→ **Assignment**:
Print the listing below exactly, images excluded.

→ **Provided material**:
- - -

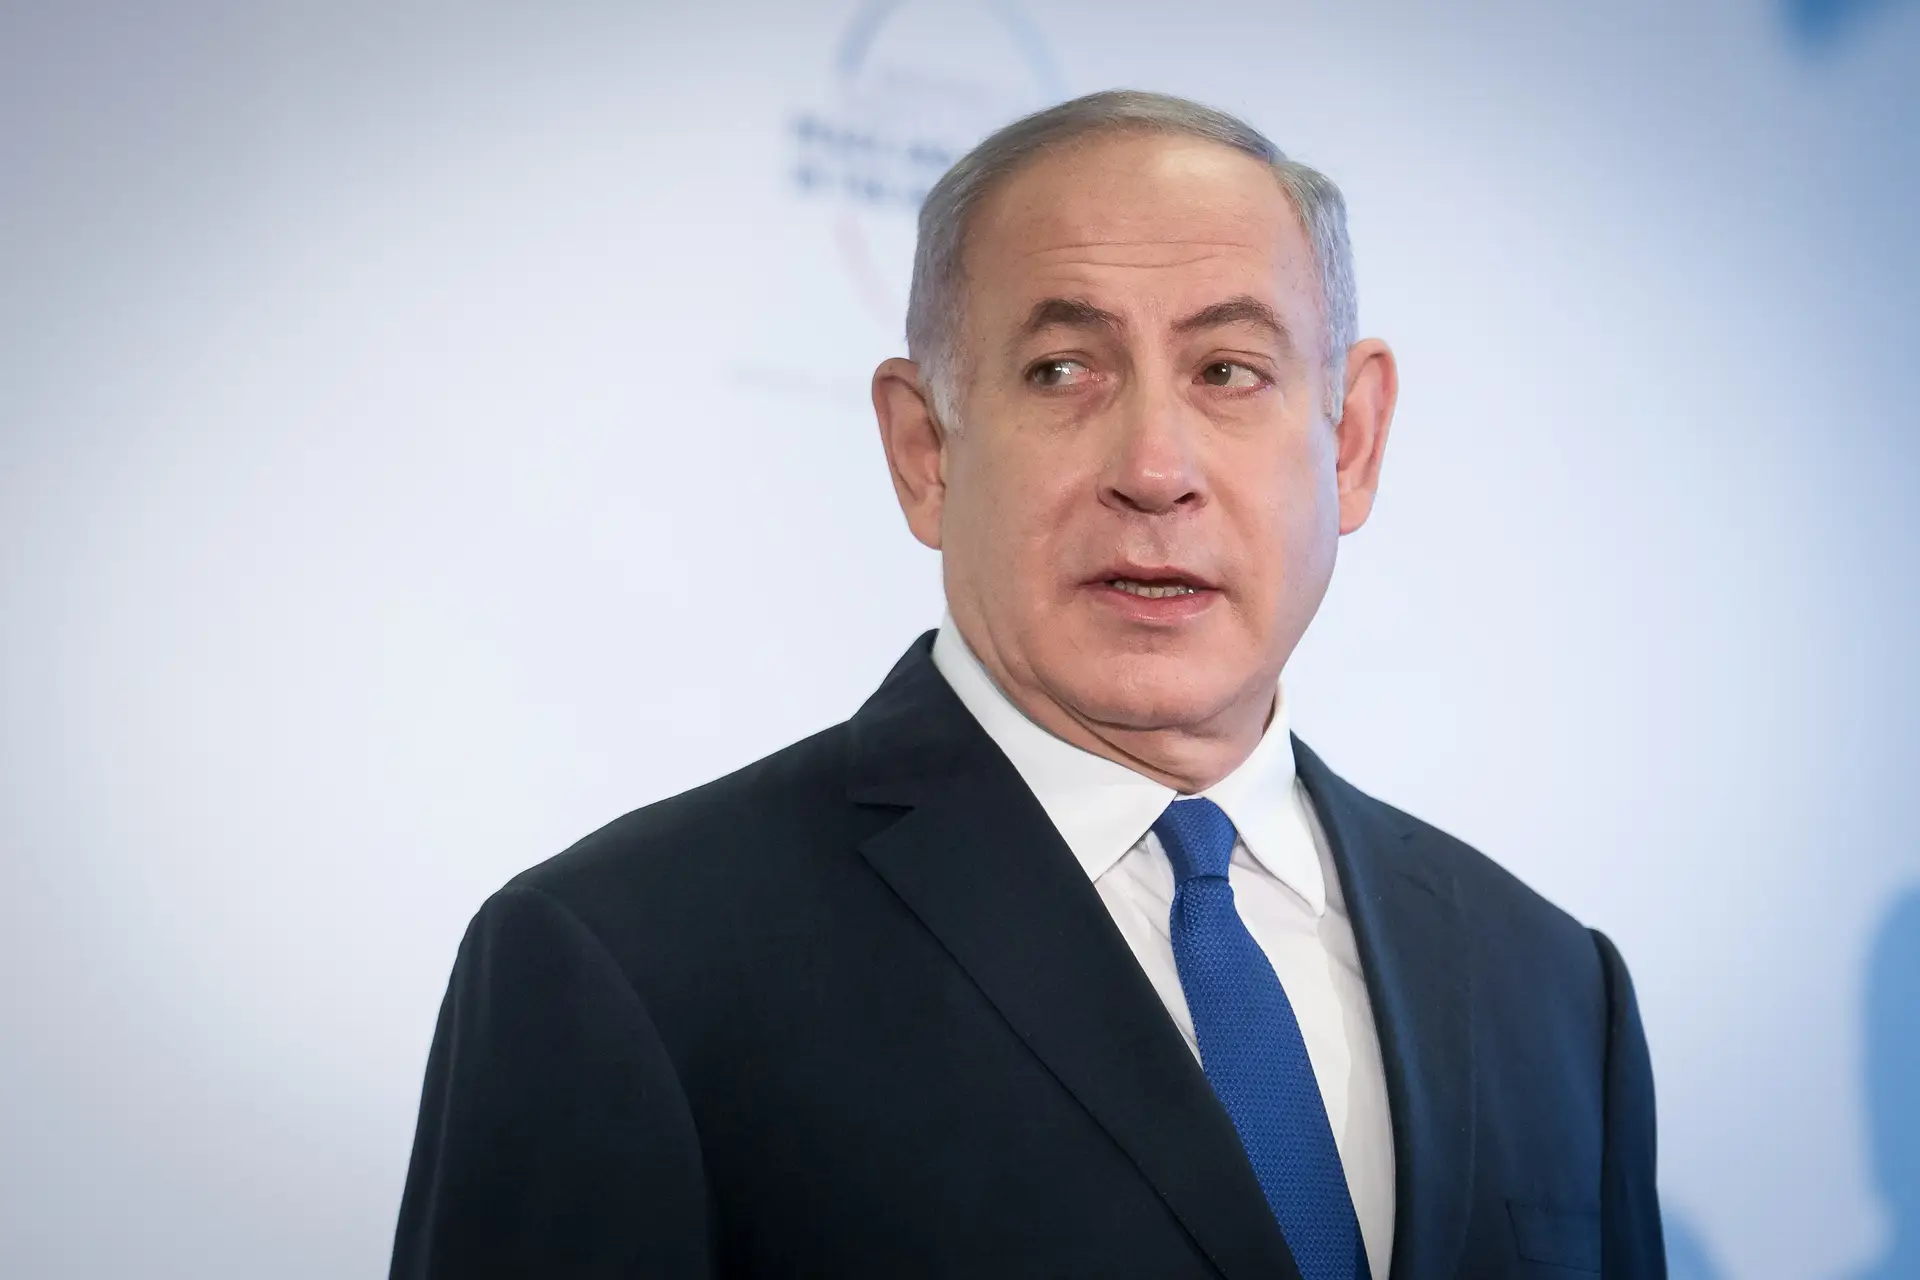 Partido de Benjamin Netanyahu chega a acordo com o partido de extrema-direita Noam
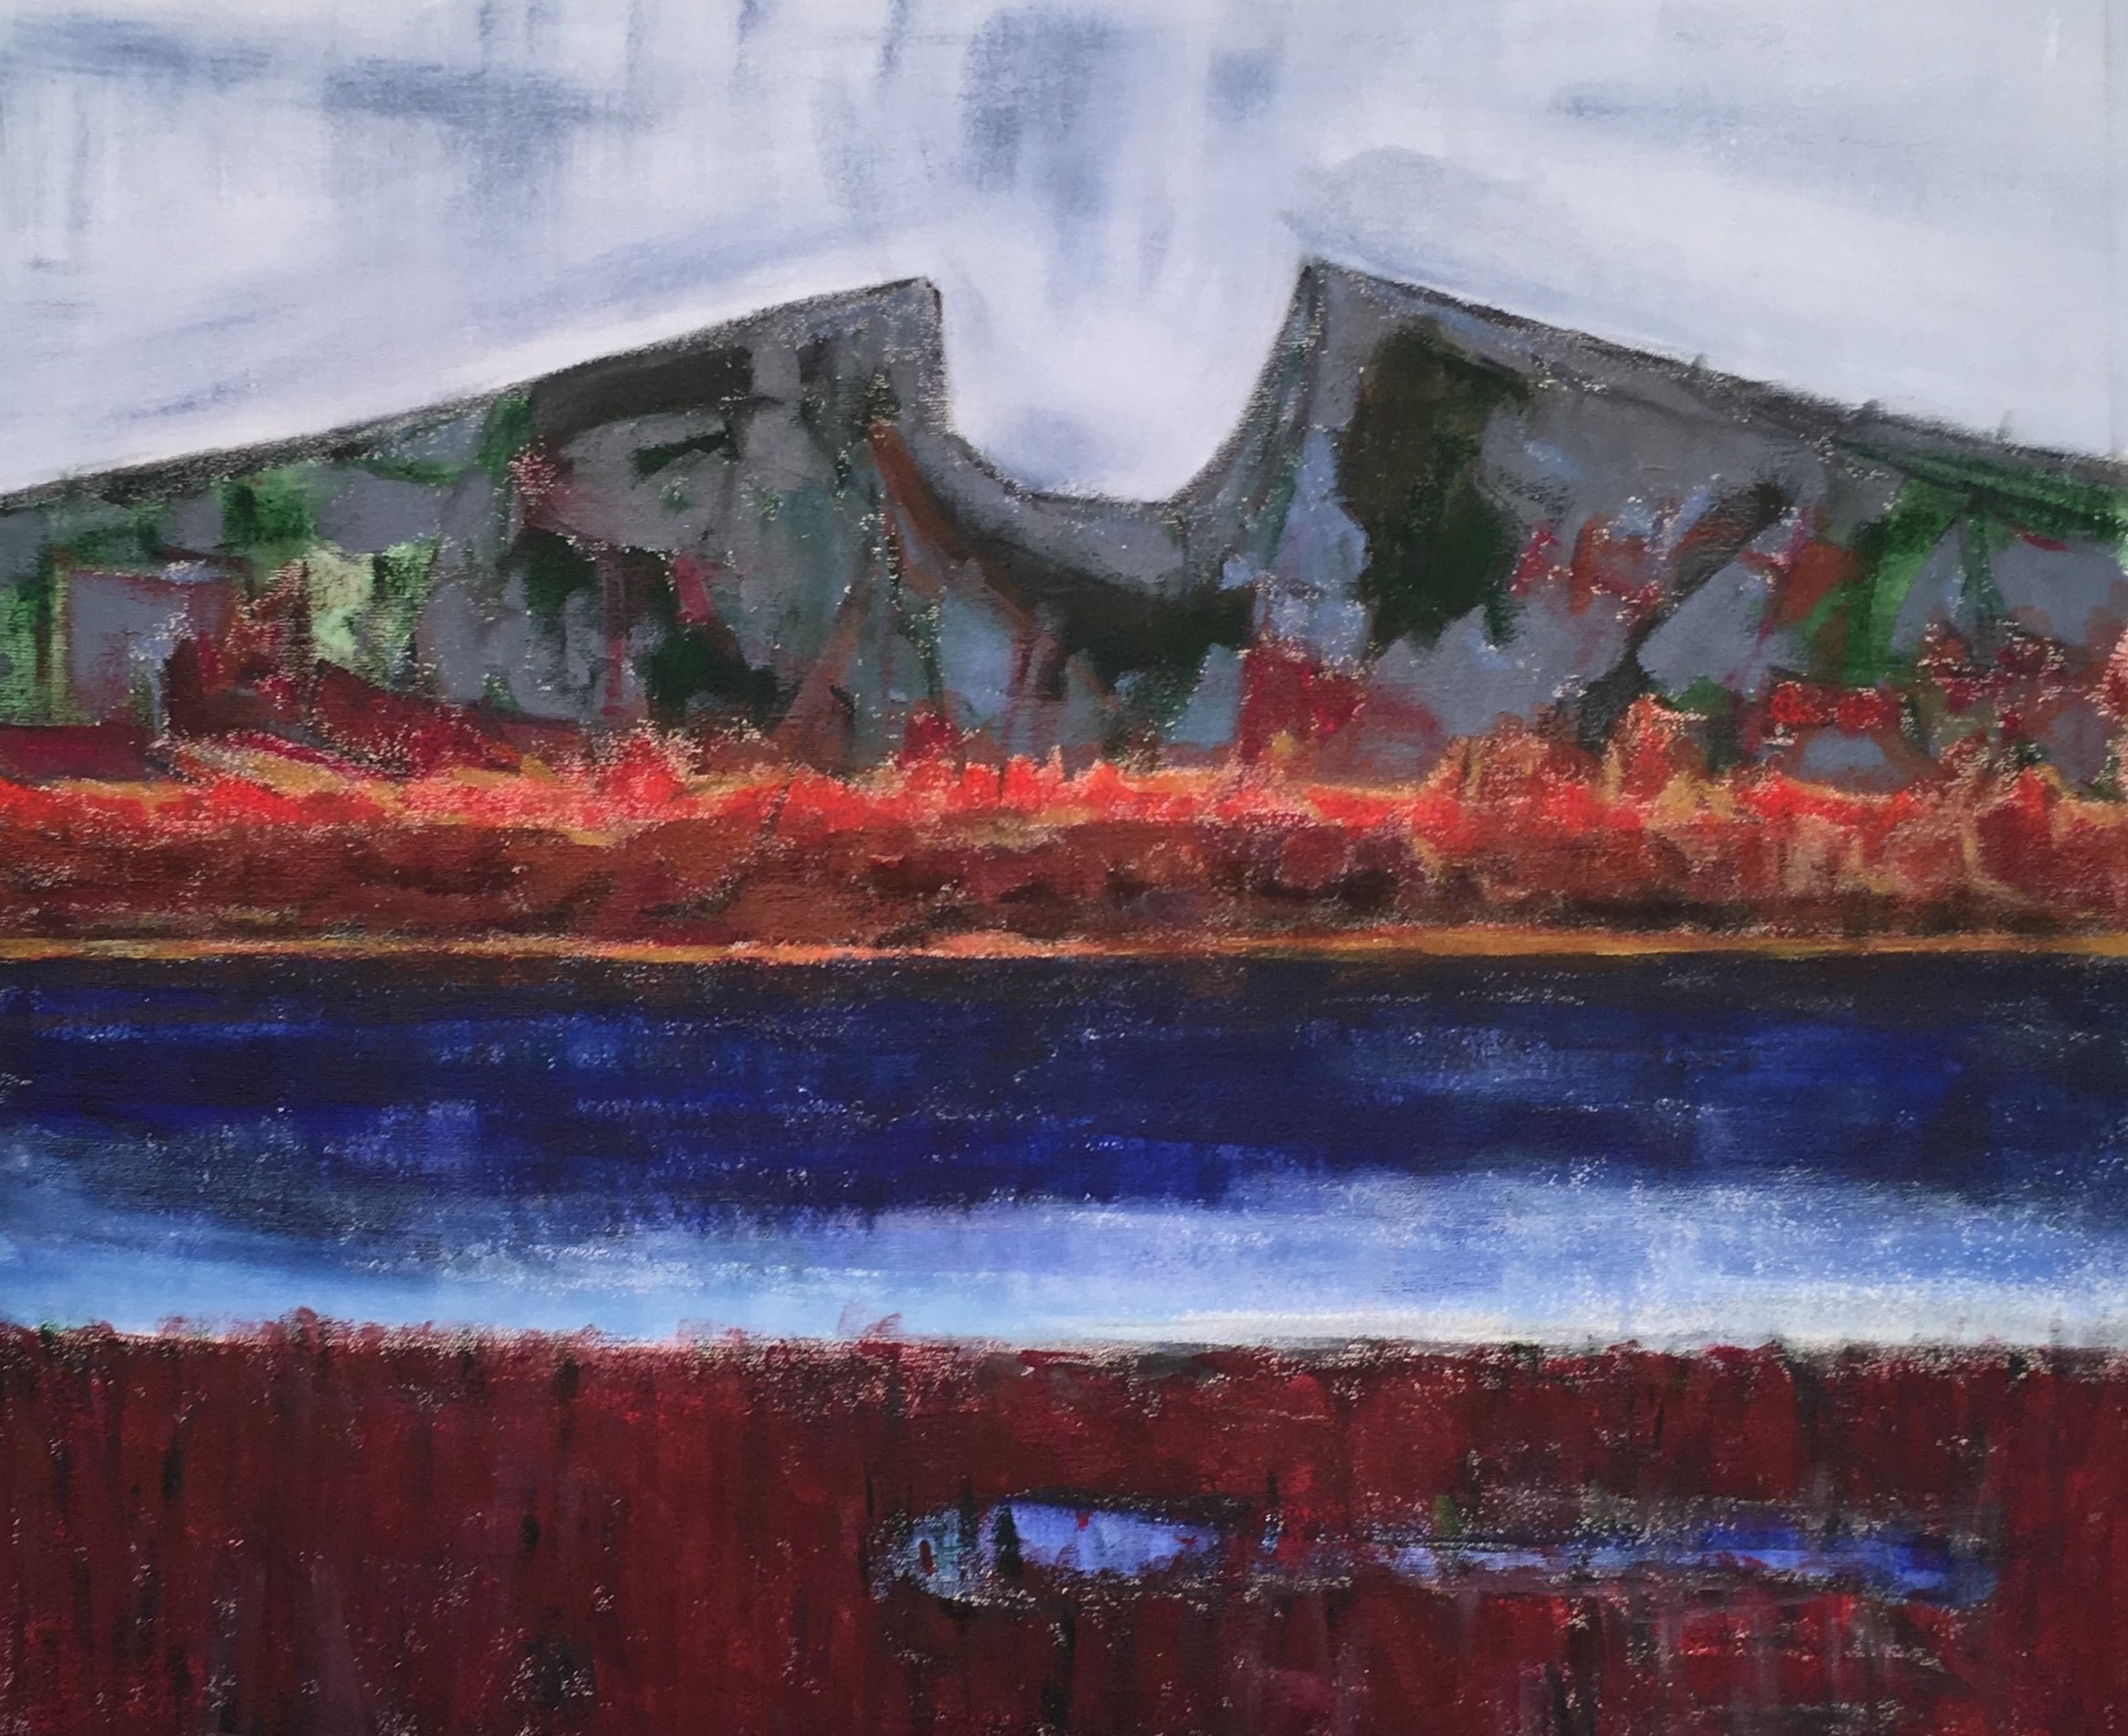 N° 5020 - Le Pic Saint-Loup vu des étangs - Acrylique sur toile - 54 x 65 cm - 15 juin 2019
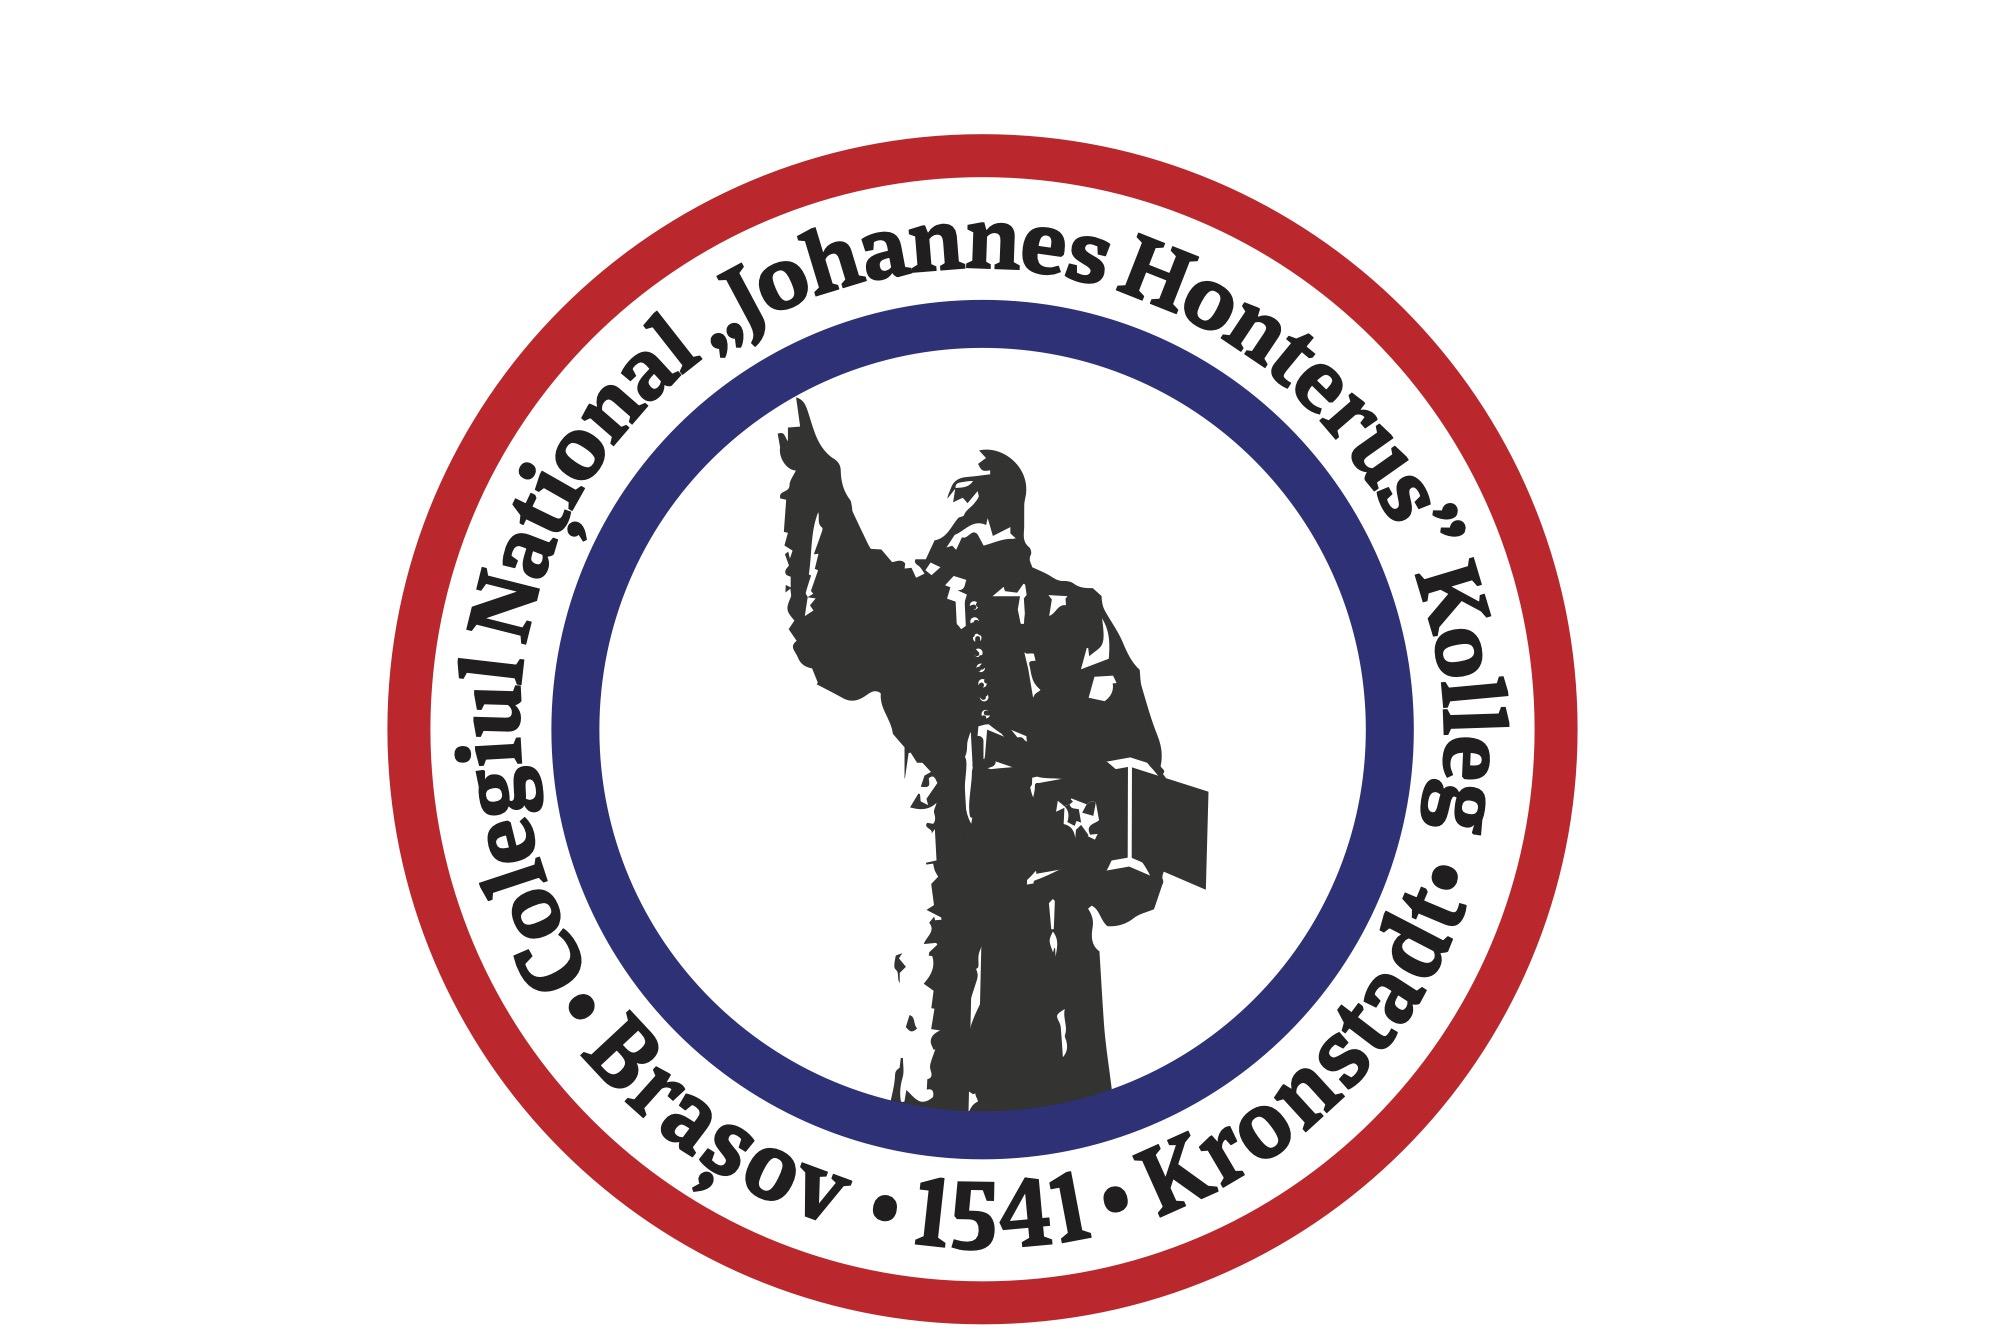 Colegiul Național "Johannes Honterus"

- - -

→ **Reply to the task**:
 Partido de Benjamin Netanyahu chega a acordo com o partido de extrema-direita Noam
 N° 5020 - Le Pic Saint-Loup vu des étangs - Acrylique sur toile - 54 x 65 cm - 15 juin 2019
 Colegiul Național "Johannes Honterus"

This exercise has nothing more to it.